In general, such scroll compressor adopts lubricating structure in which a refrigerating machine oil collected in an oil reservoir in the casing is supplied to a sliding surface constituted between the both scrolls, a sliding face Constituted between the drive shaft and the bearing and the like through a main oil-supply passage formed in the drive shaft. For example, certain structure is disclosed in Japanese Laid-Open Patent Publication No. 8-261177, in which an oil reservoir is formed at a portion in a casing whose pressure is high, and a sliding surface constituted between both scrolls is connected to a suction side of a compressing mechanism so as to make the sliding surface a relatively low pressure, so that a refrigerating machine oil is supplied to the above sliding surface by pressure-differential pump structure that makes use of pressure differential between high-level pressure and low-level pressure.

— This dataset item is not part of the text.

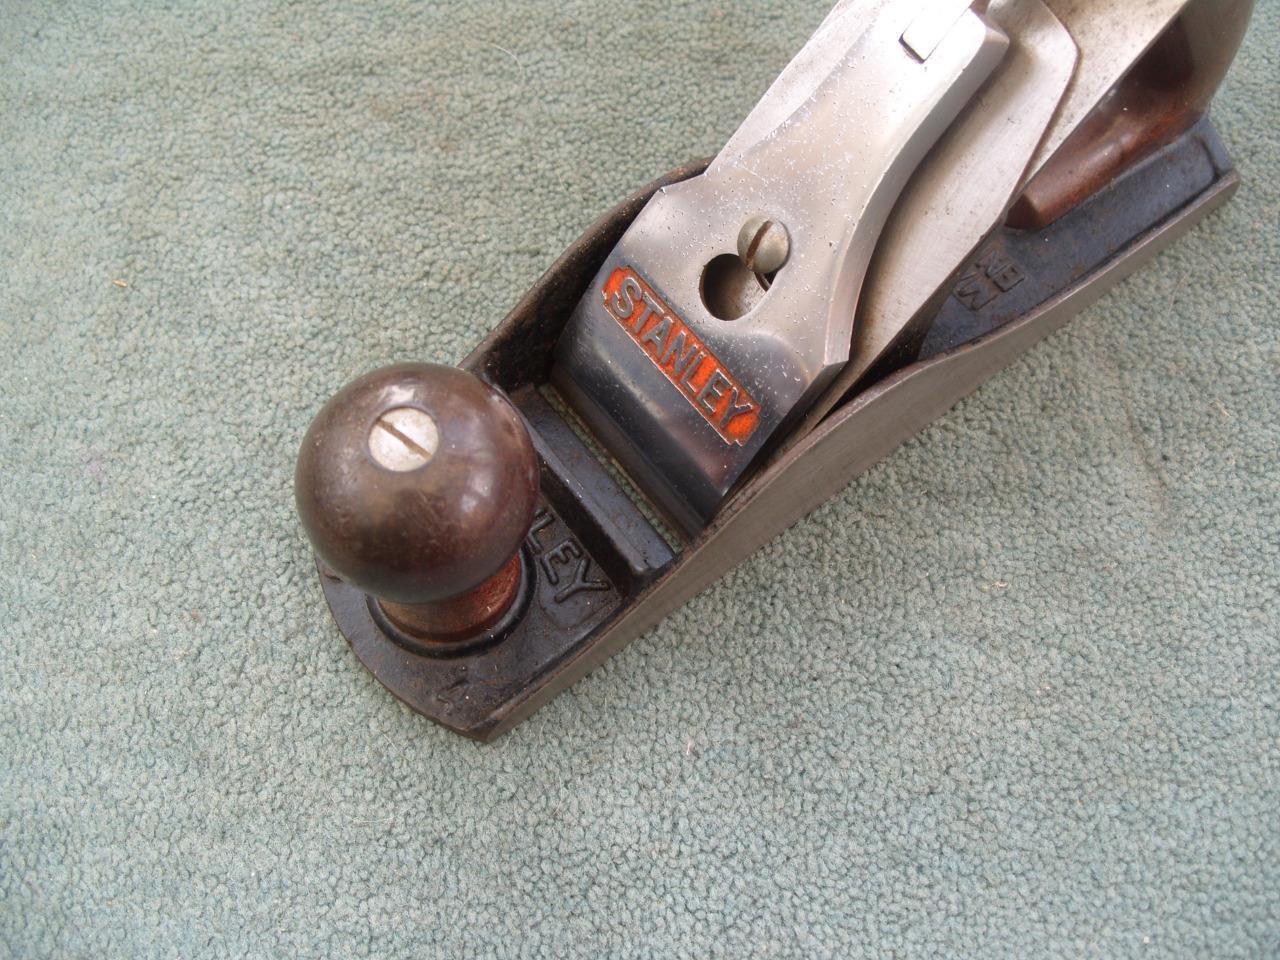 Stanley No 4 Smoothing plane.

Further, in the scroll compressor disclosed in the above publication, a bearing-portion oil-supply passage is formed in a drive shaft, which branches off from a main oil-supply passage and then connects with a sliding face constituted between the drive shaft and the bearing, and a spiral groove is formed at an inner peripheral face of the bearing, so that the refrigerating machine oil in the main oil-supply passage is supplied to the above sliding face. This spiral groove is open to high-pressure space in the casing at the both end portions in the axis direction of the bearing. In this case, the refrigerating machine oil that has lubricated the sliding face flows out of the spiral groove and then returns to the oil reservoir through the space in the casing.
-Problem to be Solved-
The above-described structure, however, is capable of supplying the refrigerating machine oil to the sliding surface at the both scrolls and the sliding surface of the bearing by the pressure-differential pump function during its ordinary operation, but there is some possibility that lubrication of the sliding face at the bearing may become insufficient during its starting operation. The reason for this is considered as the following. That is, during the starting operation of compressor, the gas refrigerant providing high-pressure atmosphere in the casing flows back in the spiral groove toward the main oil-supply passage before the refrigerating machine oil in the oil reservoir is supplied to the sliding surface at the both scrolls by the pressure-differential pump function. Thereby, it becomes difficult to supply the refrigerating machine oil in the oil reservoir to the sliding face at the bearing, and the oil remaining at the sliding face during a halt of the operation is forced to flow back to the main oil-supply passage. Accordingly, the temperature of the bearing tends to rise excessively for lack of lubrication, and repeating of this state may deteriorate the reliability of bearing, and in some cases, this may cause seizure of drive shaft.
The present invention has been devised in view of the above problem, and an object of the present invention is to improve the reliability of bearing, in the rotary compressor that adopts oil supplying to bearing by the pressure-differential pump, by preventing gas flowing into a portion between the drive shaft and the bearing.